物の本によると英語で褐色を表すbrownと熊を表すbearは語源が同じなのだそうです。
元々は熊は別の言葉であったものが、そういってしまうと本当に熊がくるのではないかと恐れて「褐色のやつ」といっているうちにもともとの言葉が忘れられたようです。いわゆる言霊信仰ですね。
そのうちに言霊信仰が薄れるにつれてまた言葉が分かれてきたのだそうです。
7世紀の頃、一時期大阪に都が置かれた時期がありました。難波宮(なにわのみや)といいます。
そのころ淀川に大きな橋が架けられました。長柄の大橋といいます。もっとも今の長柄橋とは関係ありません。
淀川も今のようなおとなしい川ではなかったので大雨のたびに洪水を繰り返します。
だいたい流域も今とは異なります。地形の変化によって流れも変わるのが本来の川です。
さて、いかに立派な大橋とはいっても所詮は木造の橋です。洪水がおきればしばしば流されます。
その架け替えの普請は資金的にも労力の上からも人々の大きな負担になっていました。
ある時、橋の建造に人柱を立てて川の神を鎮めようではないかという話が持ち上がります。
言うのは簡単ですが、では誰が人柱になるかで決着がつかず、いつまでも評定が続きます。誰も死にたくはありませんからね。
話が暗礁に乗り上げたときにある長者が「袴の裾がほつれているものが人柱に立ってはどうか」と提案します。
該当者が一人だけいました。誰あろう言い出しっぺの長者です。
かくして哀れ件(くだん)の長者はみんなのために犠牲になることになりました。
ところでこの長者にはたいそう美しい一人娘がいました。この娘は嫁ぎ先でその話を聞き、悲しみのあまり言葉を発しないようになりました。
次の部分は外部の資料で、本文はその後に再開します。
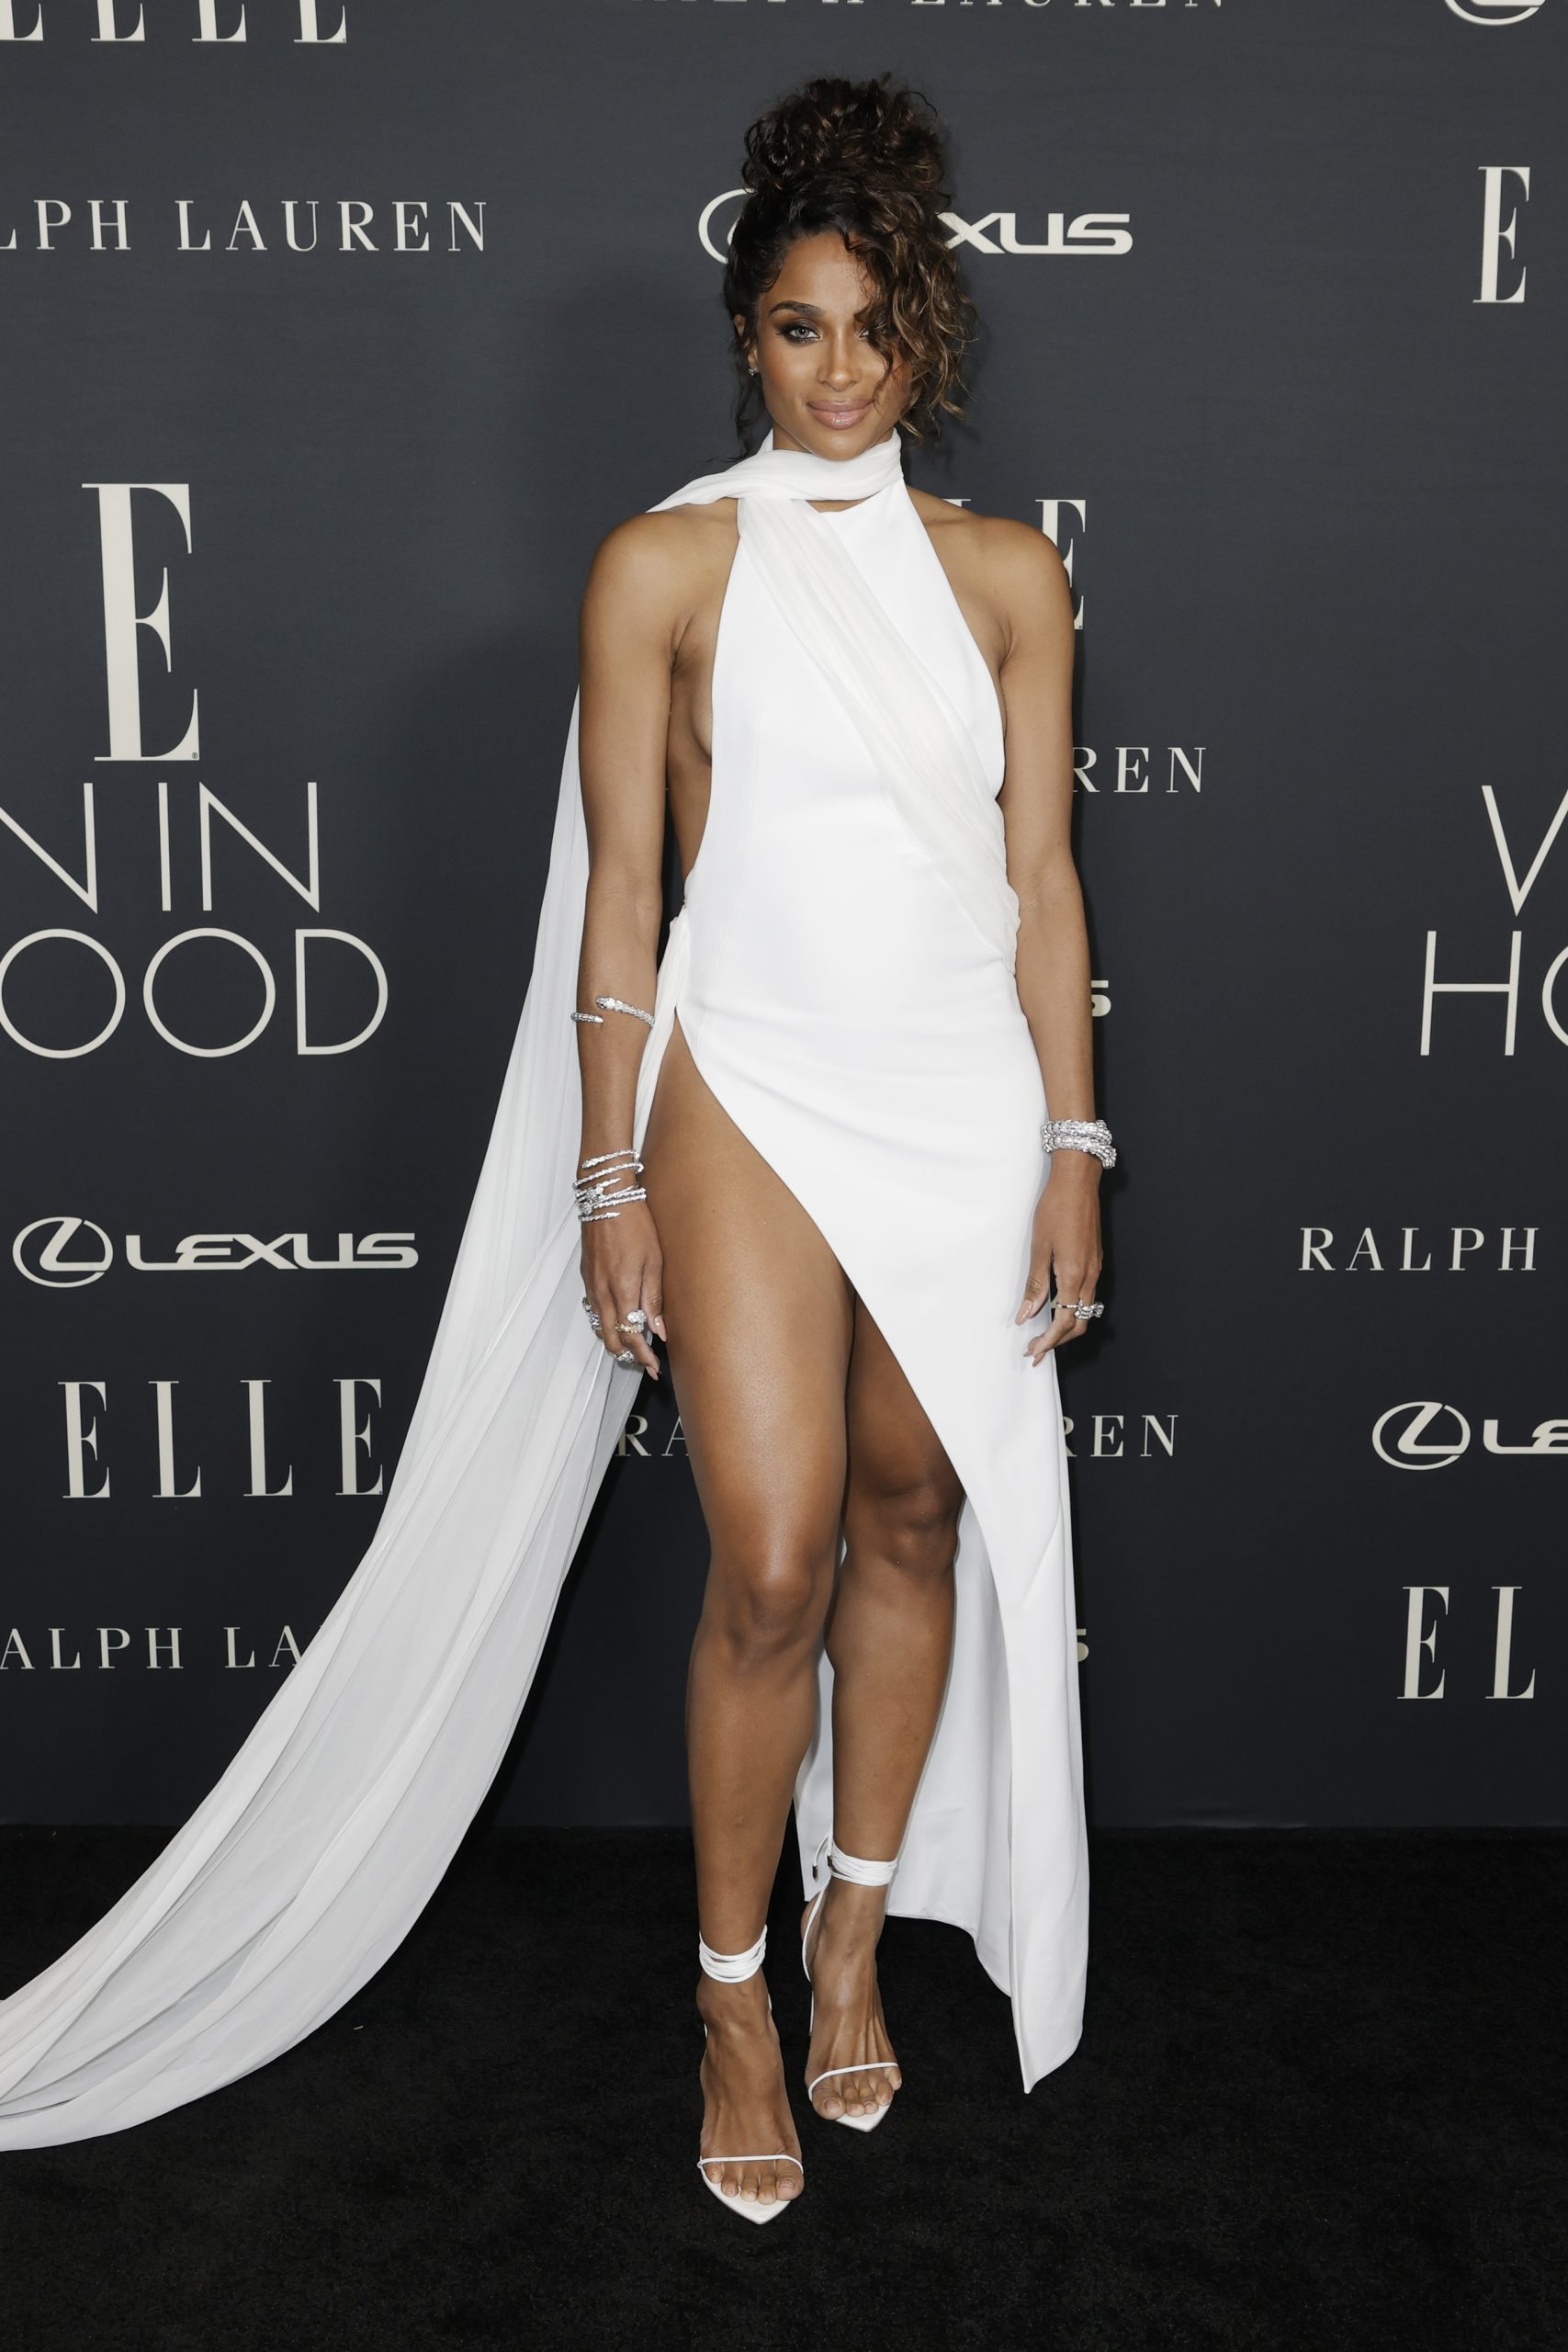 Ciara At Wardrobe Breakdown: Ciara At 27th Annual ELLE Women in Hollywood Celebration

嫁ぎ先では「このような嫁はいらない」ということで暇を出されることになります。一人だけ娘の夫はかばい続けますが娘も里に帰って父親の供養をしたいという意向を示すので不承不承娘の里に送り届けることにします。
途中、枚方のあたりの葦原で雉(きじ)の鳴き声がします。雉はごちそうです。夫は葦原に分け入って雉を射殺します。
それを見た娘ははらはらと涙を落とし「もの言はじ 父は長柄の人柱 雉も鳴かずば 射られざらまし(もう何も言葉をいうまい。余計なことを言ったばかりに父は長柄橋の人柱になった。雉も鳴かなければ射殺されたりしなかっただろうに)」という和歌を詠みます。「雉も鳴かずばうたれまい」の語源とされています。信太(しのだ)の森の葛の葉(くずのは)伝説と並んで、大阪の悲しい昔話です。
今年はたった一言で世の中の空気はこうも変わるんだということを実感した年でした。
来年は言葉を謹んで余計なことを言わないようにします。
さて、明日は終業式です。今日は今年お世話になった机やイスやお道具棚を心を込めてきれいにお掃除しました。一年ありがとうね。
年長組さんは今年最後のドッジボール。